TODO: Grab and Install Visual Studio 2010 Beta here: http://www.microsoft.com/visualstudio/en-us/products/2010/default.mspx

Grab the Azure SDK

The Azure SDK is amazingly lightweight for all the stuff it does for you. It will provide some nice templates for all your cloud work and provide a little virtualized Azure right inside your computer for testing and debugging. You’ll need to flip some settings on your Windows computer first though, as you’ll need IIS and ASP.net running on your machine.

To do this, let’s start doing it the Windows 7 / Vista smart way and make this three steps:

  1. Click on your Windows Orb, type “Turn Windows Features on or off” and hit enter. (isn’t that easier than 7 clicks?)
  2. In that dialog box that shows, select the following:
  • Under Microsoft .NET Framework 3.0, select Windows Communication Foundation HTTP Activation.
  • Under Internet Information Services, expand World Wide Web Services, then Application Development Features, then select ASP.NET and CGI.
  • image

    3. Now click “OK” and those features will install.

    Now, assuming you have installed Visual Studio 2010 and selected these features above and installed them in your OS, all you have to do is download the Azure SDK and go through the prompts.

    TODO: Grab and Install the Azure SDK here: http://www.microsoft.com/downloads/details.aspx?FamilyID=6967ff37-813e-47c7-b987-889124b43abd&displaylang=en

     

    Third: Launch Visual Studio 2010 and Create a MVC WebRole for Azure

    So, by now you should have:

    • Setup your Azure Hosted and Storage Instances
    • Downloaded the cool tools to get to work

    This part is so easy it’ll make you want to go back in time and punch your RoR self in the face for being so smug. We’re going to make a MVC website and deploy it in the cloud in just a few clicks. No rails needed, but batteries are very much included (as I’ll show below)

    1. Launch Visual Studio 2010 (NOTE: You need to run Visual Studio as Administrator to deploy Azure applications)
    2. Select “New Project” from the left of the application
    3. Under Visual C#, select “Cloud Service”, name it what you want below and click “OK”

    image

    4. Next, you will be prompted with all I can say is the *real* Azure Cloud selection service, which offers a bunch of different Web Roles now supported with the new Windows Azure and Visual Studio 2010 in a bunch of different languages (I told you it was worth downloading the beta). You see that C# and Visual Basic gives you the most functionality, allowing you to create four different types of web roles.

    SIDEBAR: What are Web Roles? Consider them little runtime bundles that Azure understands. Each has a purpose and is supported by Azure when being deployed (but you’ll have issues if you try to upgrade from one role to another, as I’ll explain later) They are pretty self explanatory for anyone familiar with development. The best thing to say here is that a *real* Azure application will have many roles – separated primarily by backend (Worker) roles and frontend (Web) roles.

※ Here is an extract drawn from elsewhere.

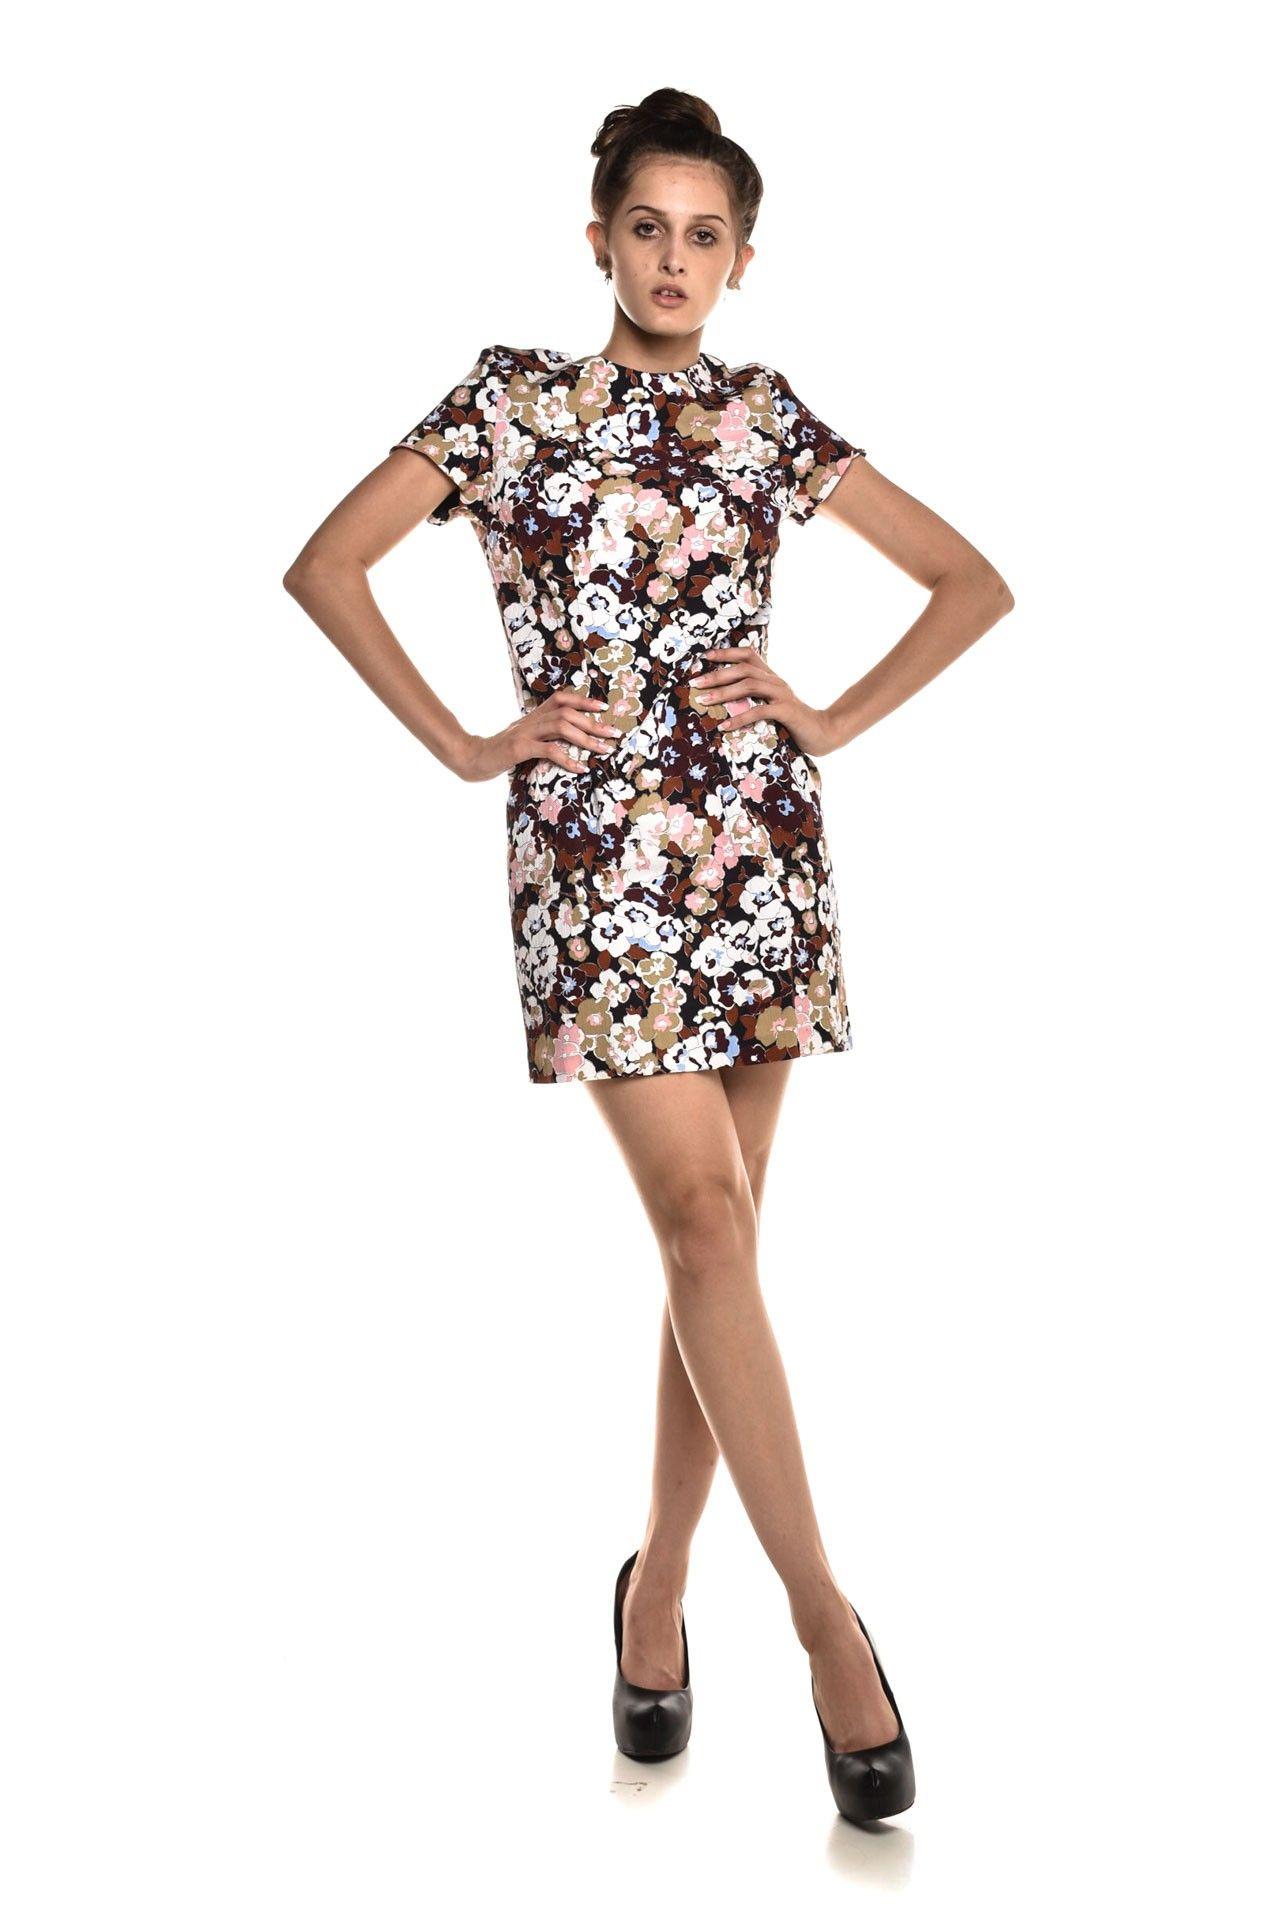 Gant - Vestido Floral Primavera - Foto 2

    For our purposes, we will only need one role, the ASP.NET MVC 2 Web Role. Select it, and move it over to your solution. You’ll see it automatically names it “MvcWebRole1”:

    image

    When you are finished, click “OK” and you’ll be prompted if you want to add test cases to your application. Yes, testing is good… but for our purposes click “No” and OK.

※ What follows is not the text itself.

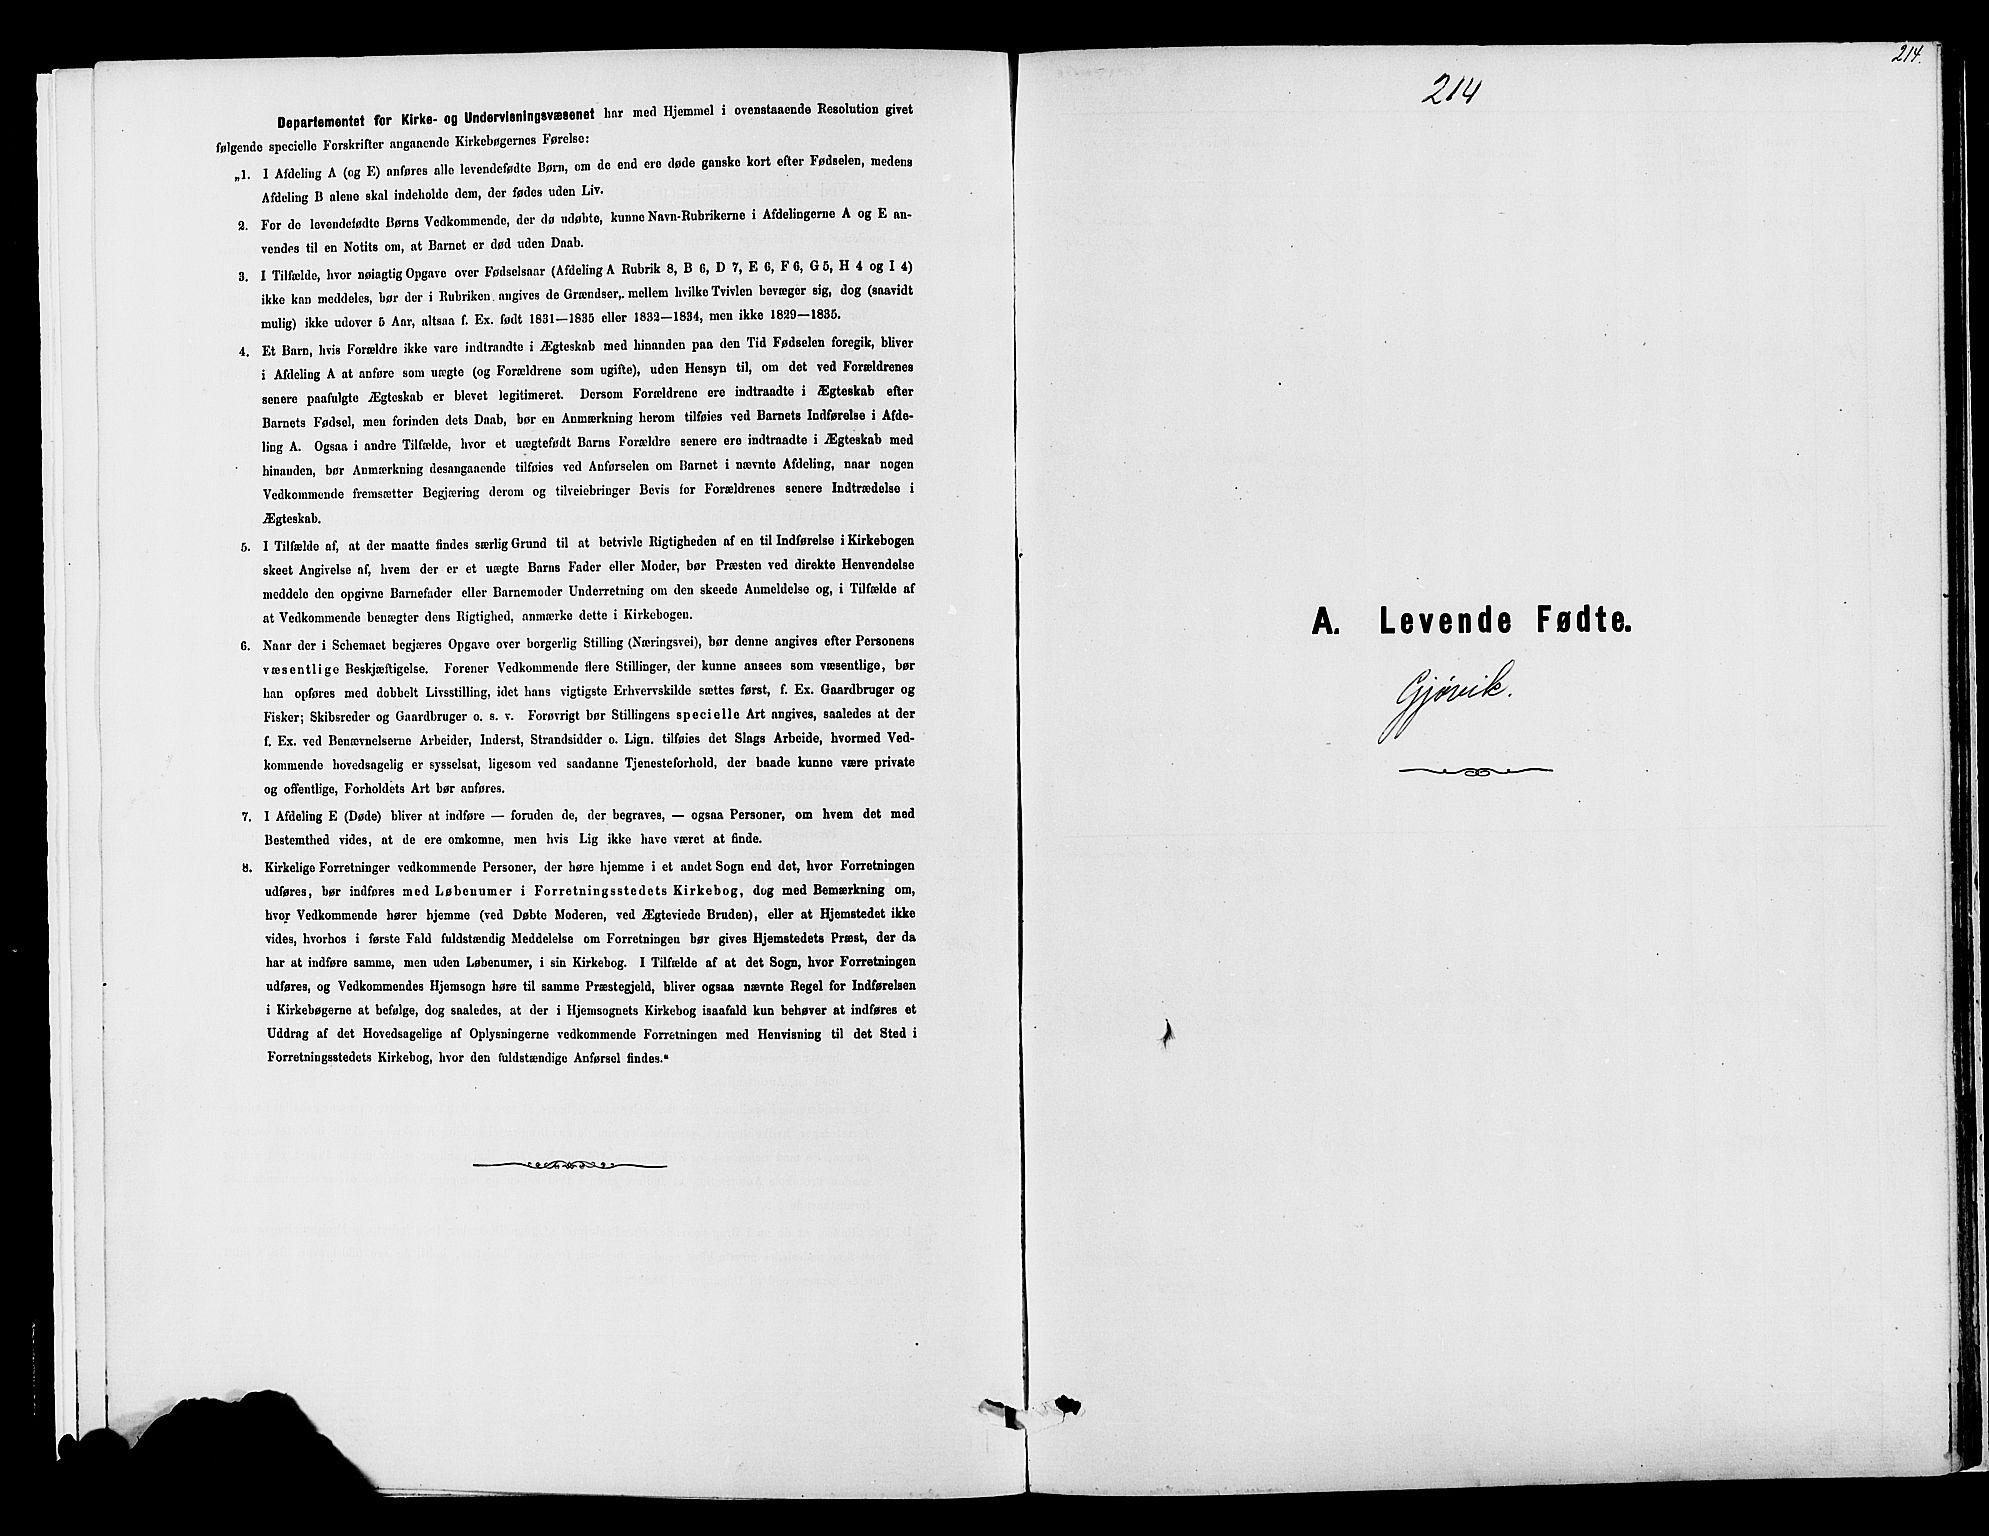 SAH, Vardal prestekontor, H/Ha/Haa/L0008: Ministerialbok nr. 8, 1878-1890, s. 214

    Your application is created. Technically, you could hit F5 and run this right now if you wanted, but that would be too easy. Next, well do some quick MVC hacking to get a website up and running.

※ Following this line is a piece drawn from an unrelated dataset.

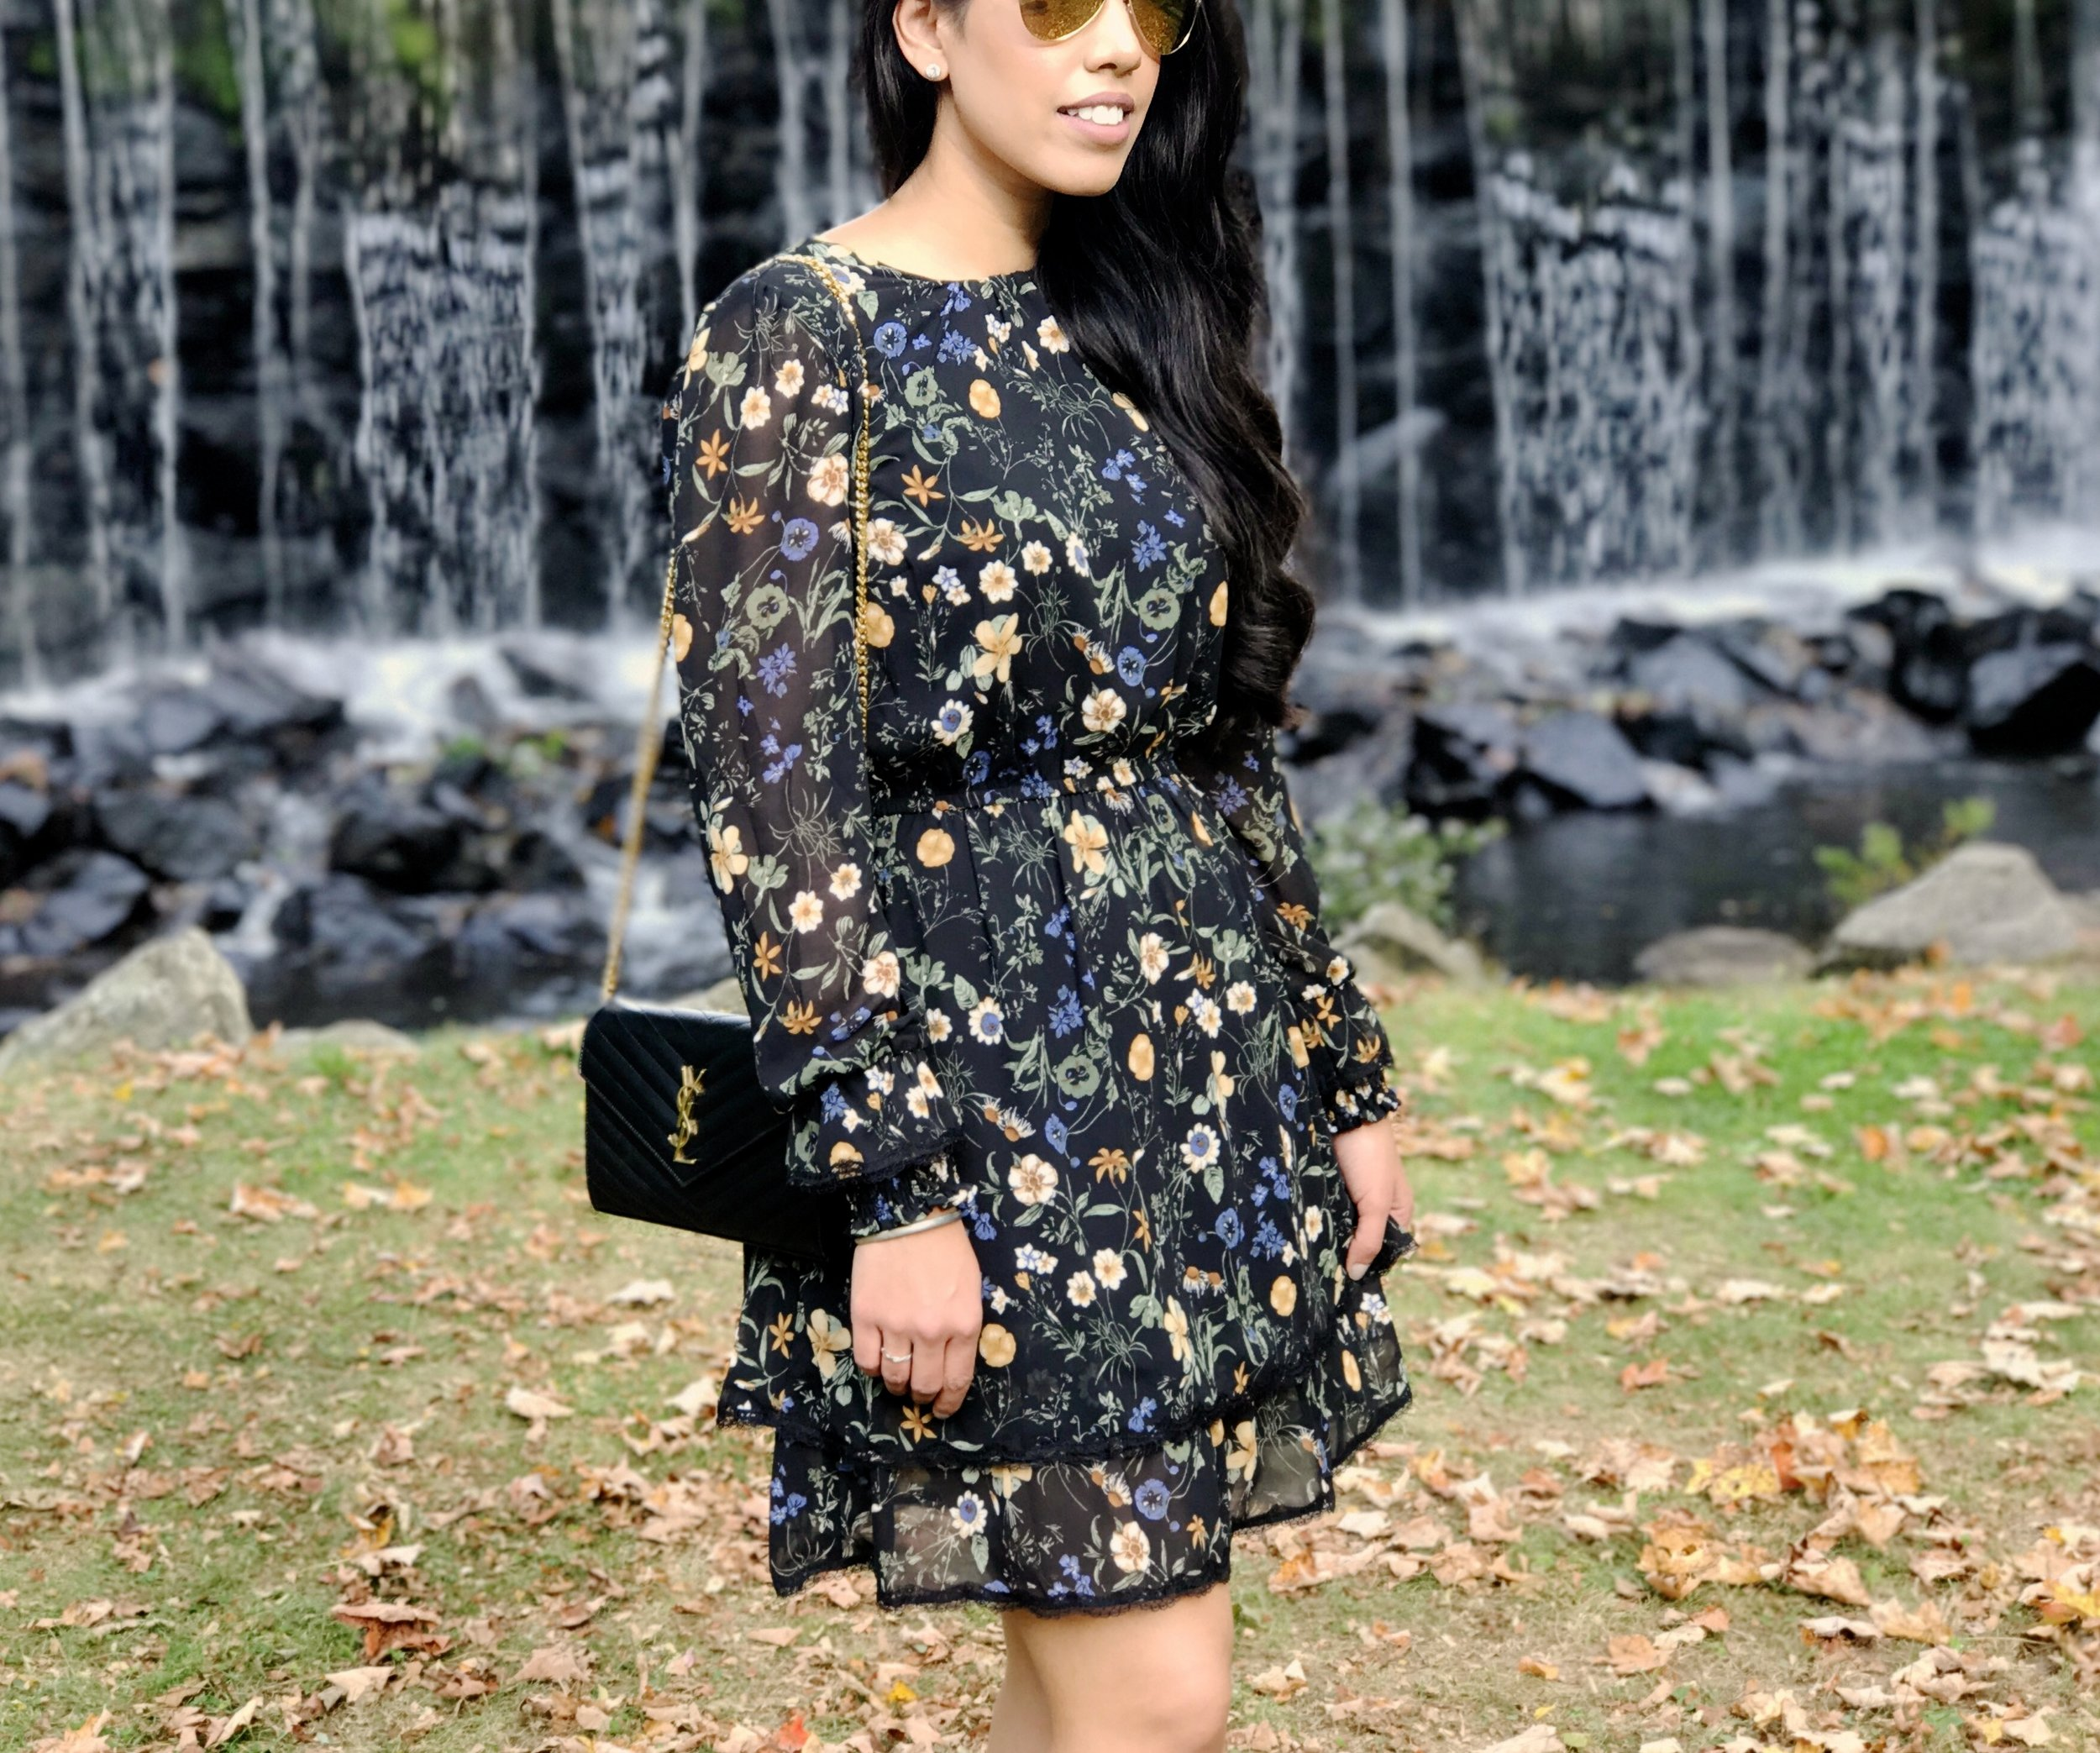 floral-midi-dress-fall-fashion-trend-connecticut

    Fourth: Create Your Website

    I won’t go in to the whole design pattern of MVC here, except to say that it stands for Model, View, Controller. The View represents what people see, the Model is the data that your website uses and stores state, and the Controller is where all the work happens which uses the data in the Model and displays it in the View. It’s a great way to separate your programming in to different areas of concern. For our simple demo, we won’t be making much use of the Model, but we will be using the Controller and View (in fact, we will be storing data inside of the Controller since it is static text). It is also helpful to state that the MVC piece in ASP.net works much like Servlets in Java, you won’t be referencing files or keeping code in real files as shown in the web browser. Instead, information is called up using REST-esque URL endpoints.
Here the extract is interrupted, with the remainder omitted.